Britain is suffering from a sugar addiction that will require a revolution to break, the public health minister warned last night. The Daily Mail reports that Nicola Blackwood, who is in charge of the government's childhood obesity strategy, said British children's consumption of sugary food and soft drinks is among the highest in Europe.


Teachers in two UK schools are trialling the sure of body cameras in class because they are "fed up with low-level background disorder", a criminal justice academic has revealed. The Guardian reports that Tom Ellis, principal lecturer at the Institute of Criminal Justice Studies at the University of Portsmouth, said all classroom teachers at the two state secondary schools are being given the option of the cameras to film "when necessary". The two schools are not being named so as not to interfere with the trial.


Surrey County Council has backed away at the last moment from a controversial plan to poll voters on a 15 per cent rise in council tax, mainly to pay for social care. The Guardian reports that the council has now said it will seek a rise of 4.99 per cent, which will not need public approval, but will require the local authority to make £93m in cuts during the 2017/18 financial year.

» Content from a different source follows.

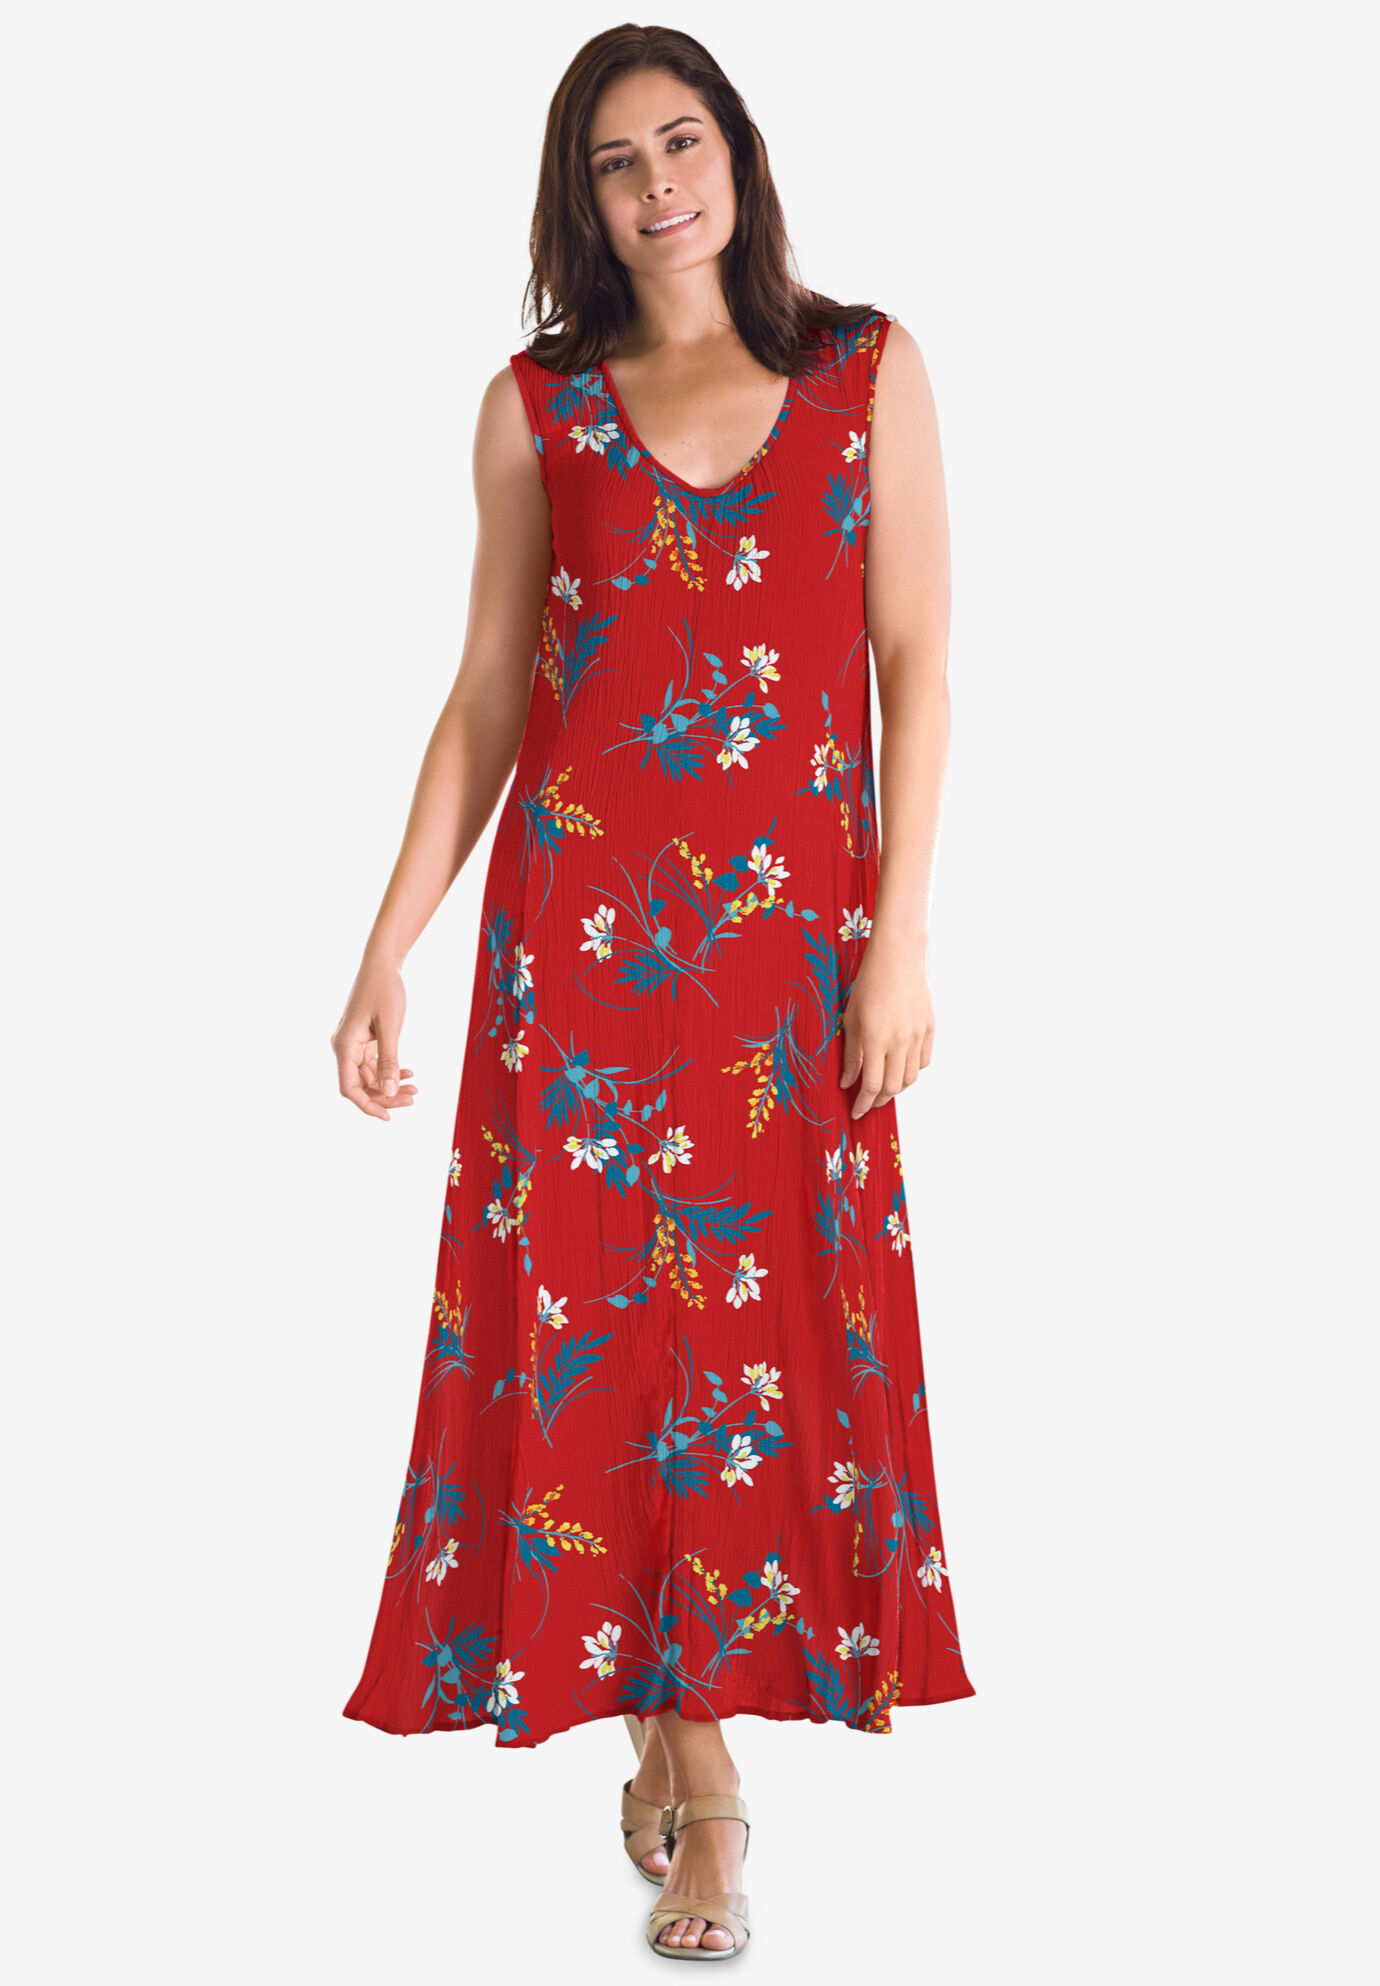 Clearance Plus Size Dresses | Woman Within

A proposal to make lifesaving skills compulsory in the school curriculum will be debated by members of the Welsh Assembly today. The BBC reports that Conservative assembly member Suzy Davies is also calling for defibrillators and first aid material to be made publicly available in more locations. The Welsh Government said school pupils already learn "emergency aid procedures" in personal and social education lessons.


Scotland's children's commissioner has called for Scottish professional football clubs to be subjected to external regulation by the Scottish government. The Herald Scotland reports that, giving evidence to the parliament's health and sport committee, which is looking at child protection in sport, Tam Baillie said it is in the vested interests of clubs to have "complete control" of children.